» **Exercise directions**: Leave out the pictures, and retype the remaining data exactly.

======== The data

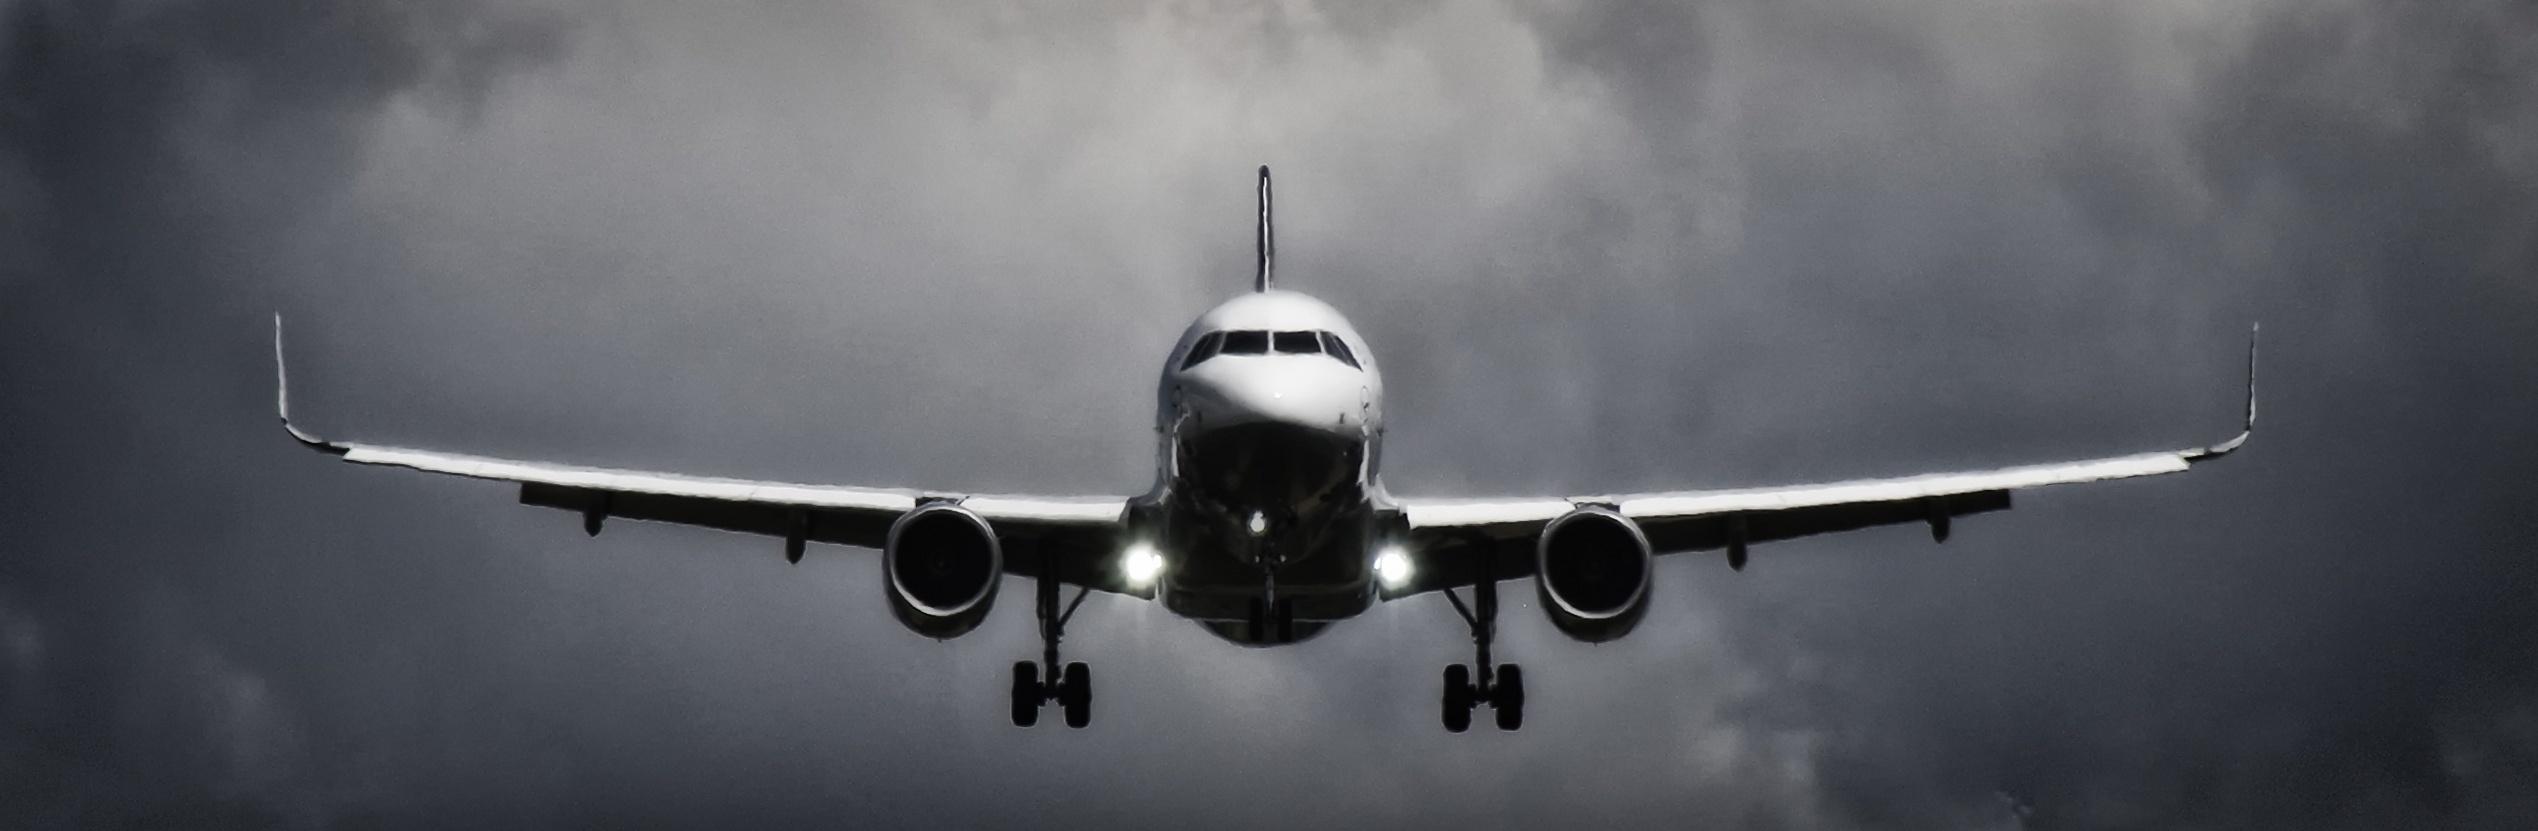 Aero Sector Specialists
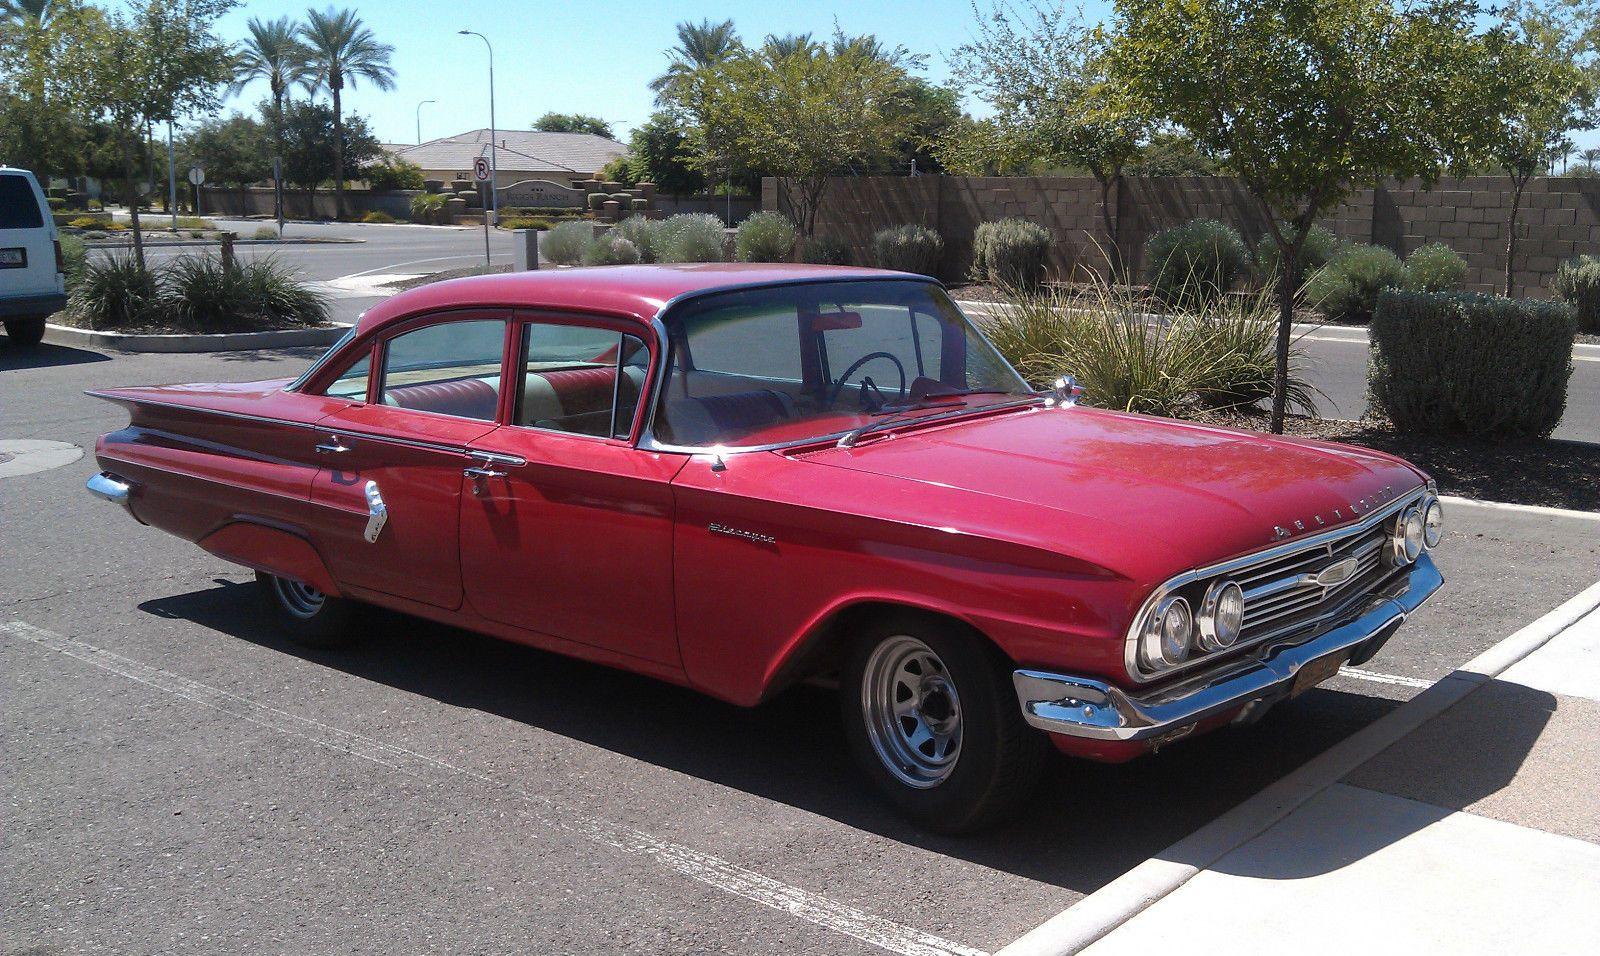 1960 Chevrolet Impala Base Hardtop 4 Door Chevrolet General
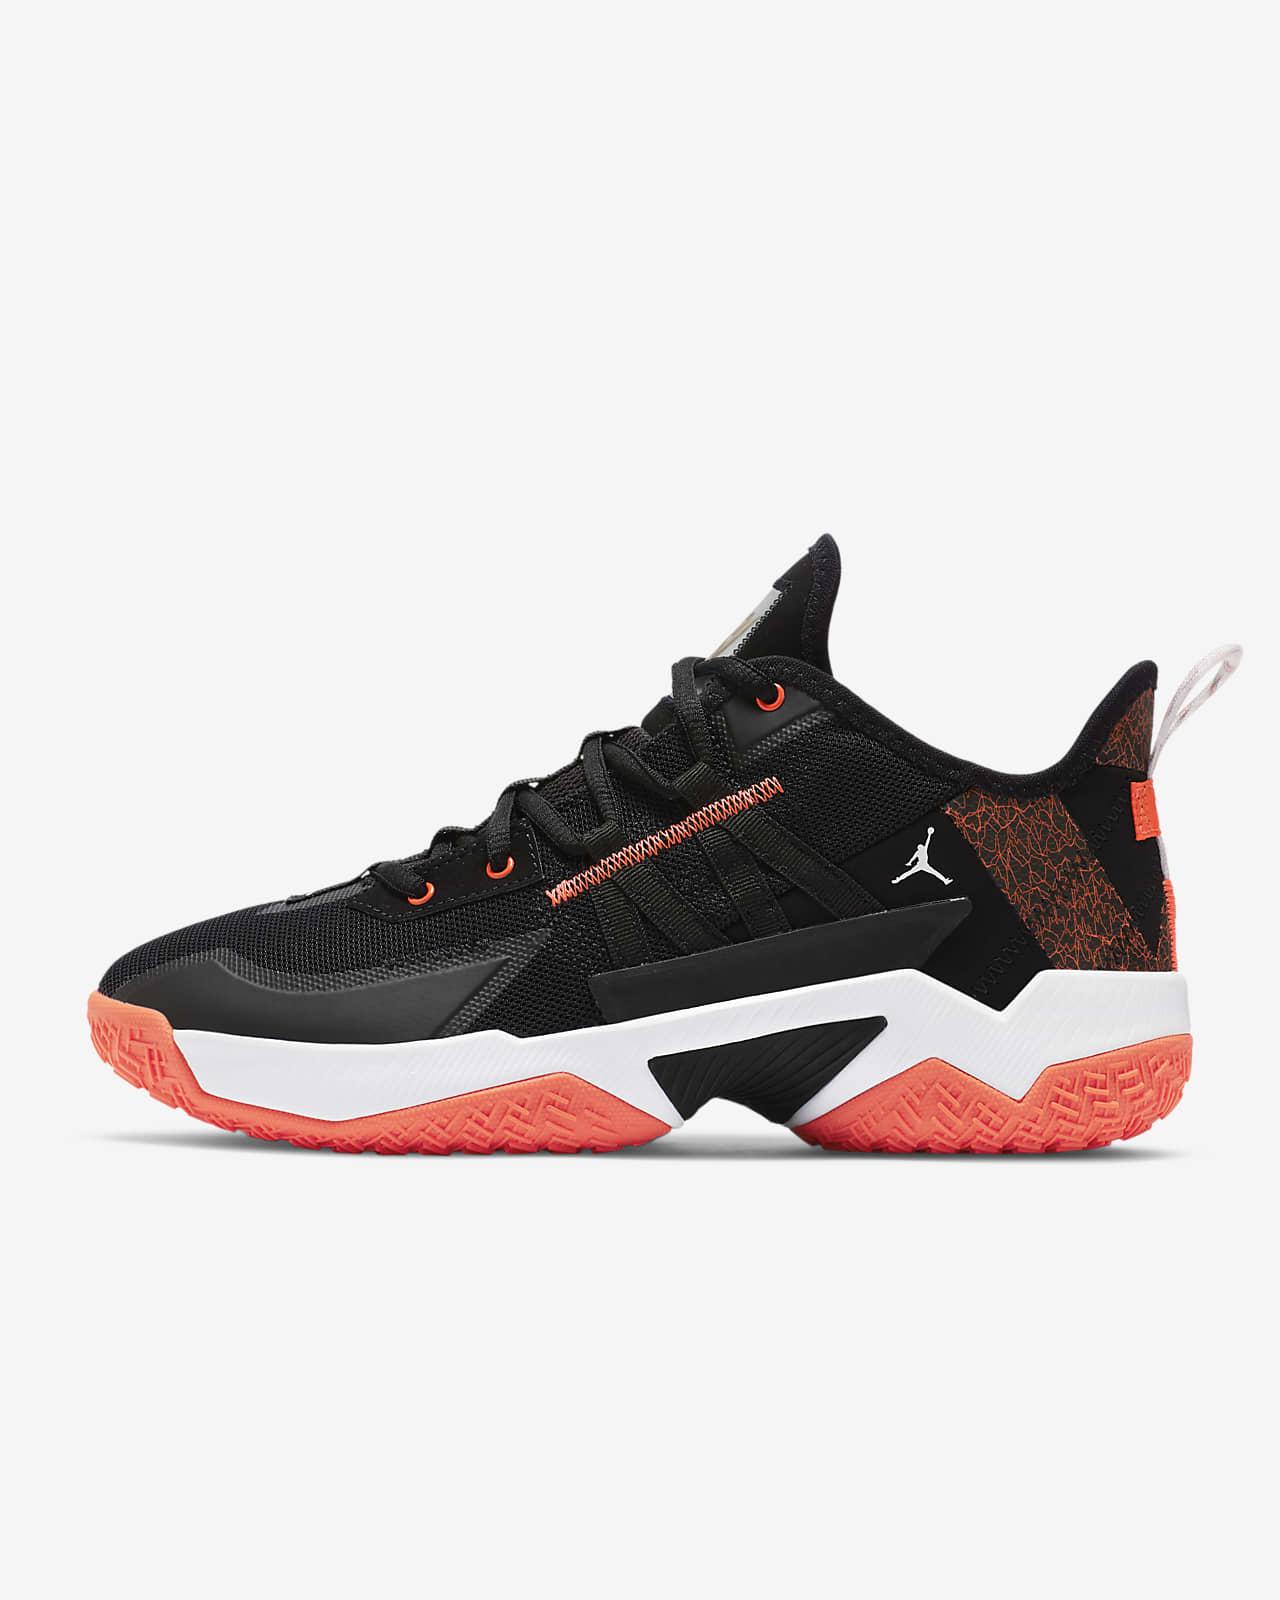 Jordan One Take II PF 男子篮球鞋
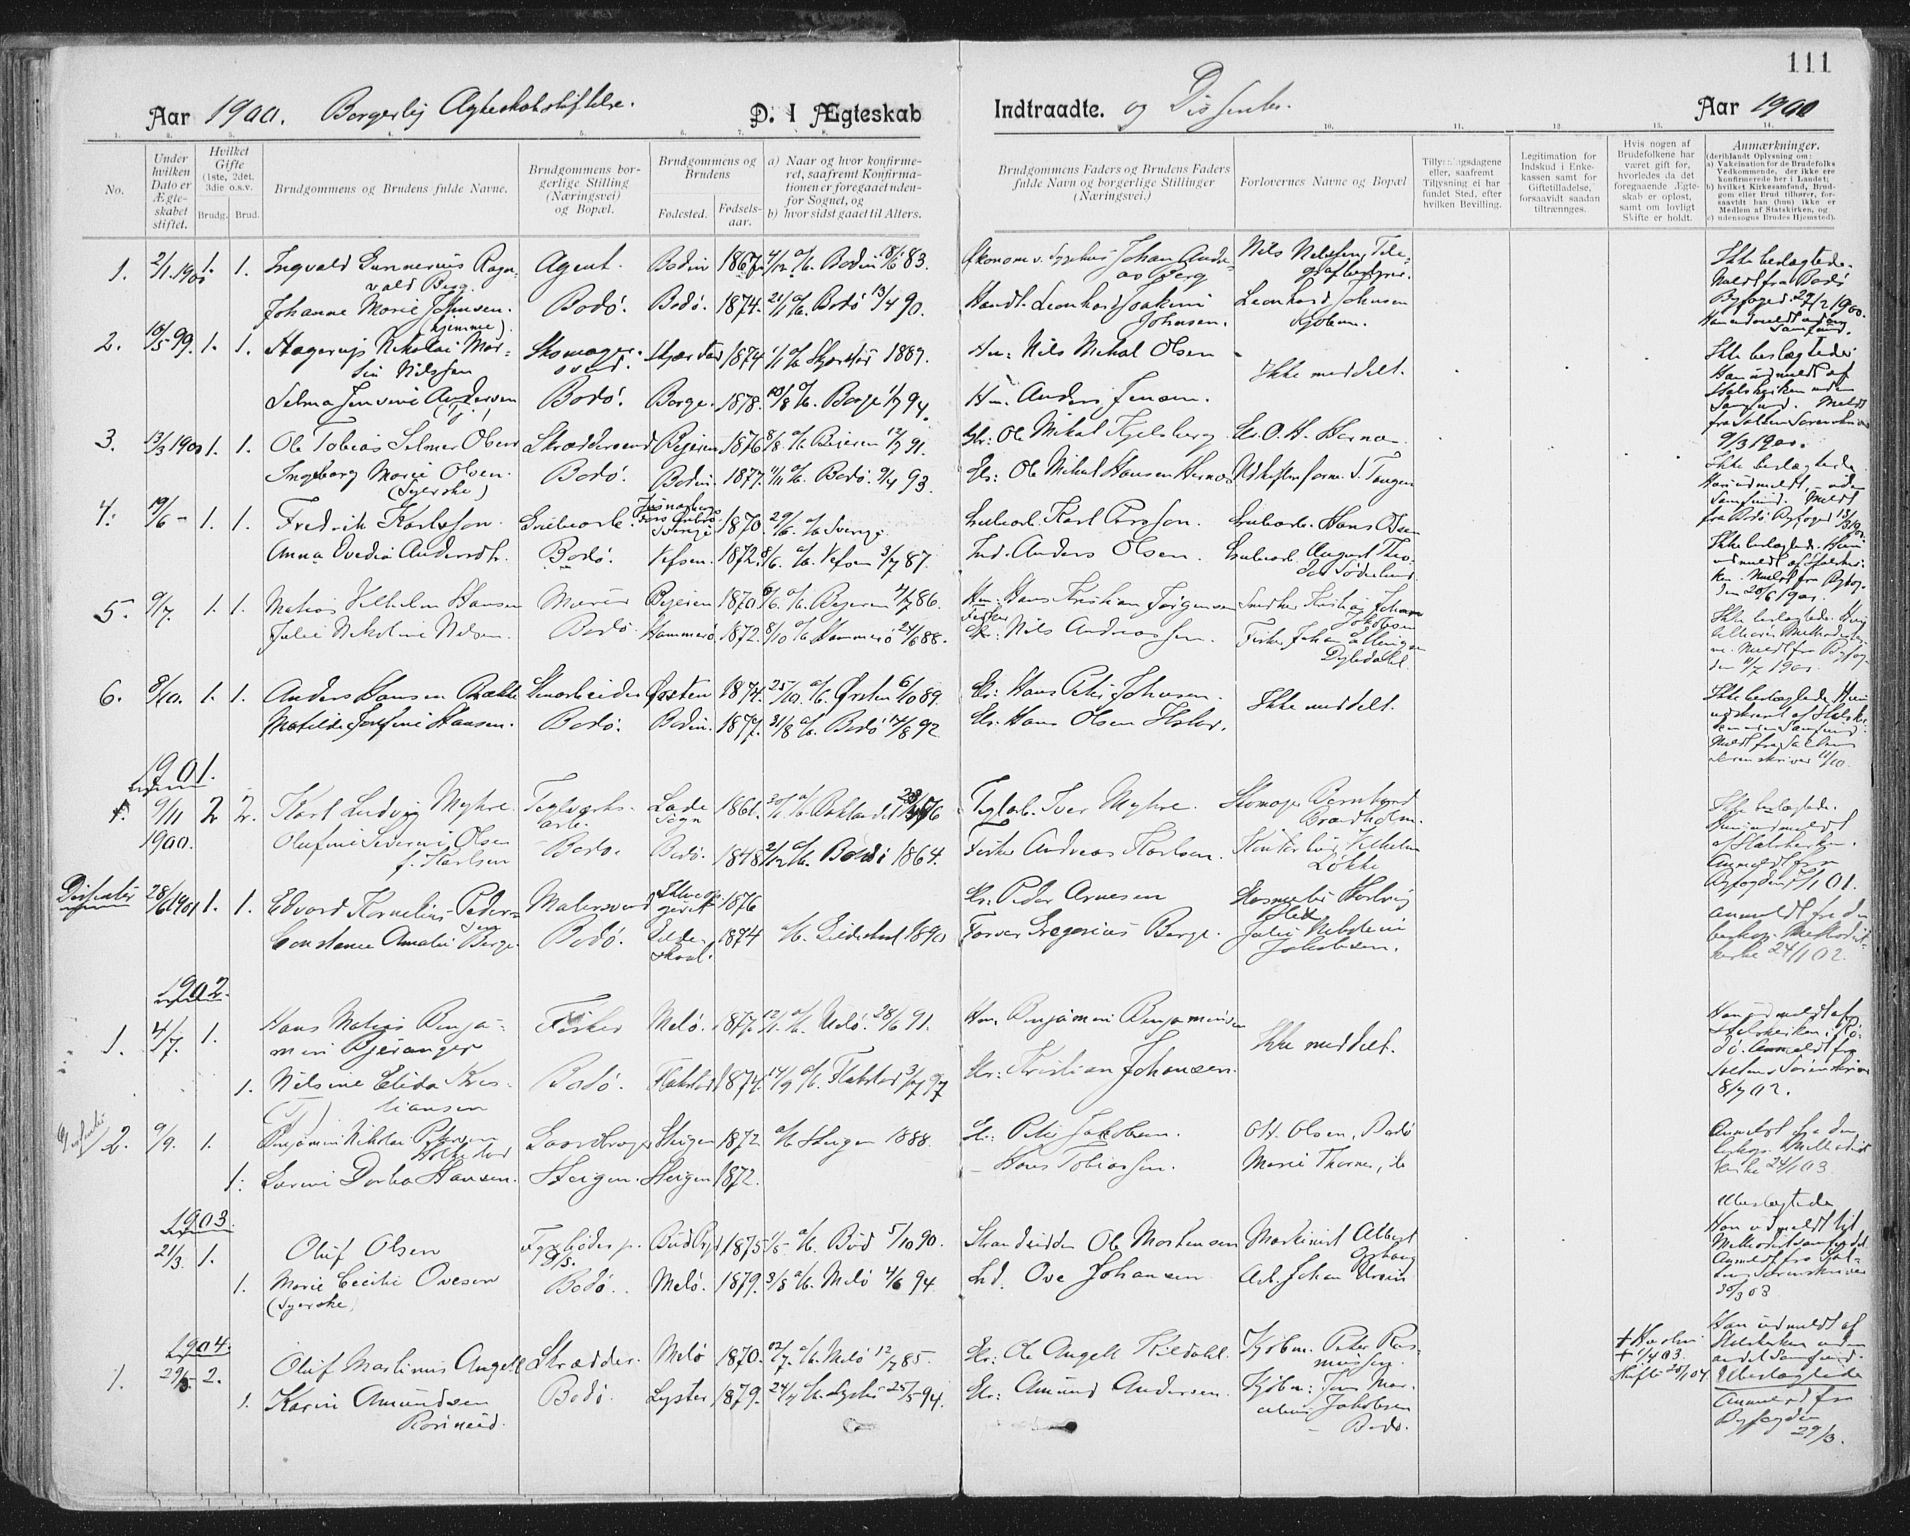 SAT, Ministerialprotokoller, klokkerbøker og fødselsregistre - Nordland, 801/L0012: Ministerialbok nr. 801A12, 1900-1916, s. 111

================

» **Result of the task**:
 Aero Sector Specialists
 1960 Chevrolet Impala Base Hardtop 4 Door Chevrolet General
 Jordan One Take II PF 男子篮球鞋
 SAT, Ministerialprotokoller, klokkerbøker og fødselsregistre - Nordland, 801/L0012: Ministerialbok nr. 801A12, 1900-1916, s. 111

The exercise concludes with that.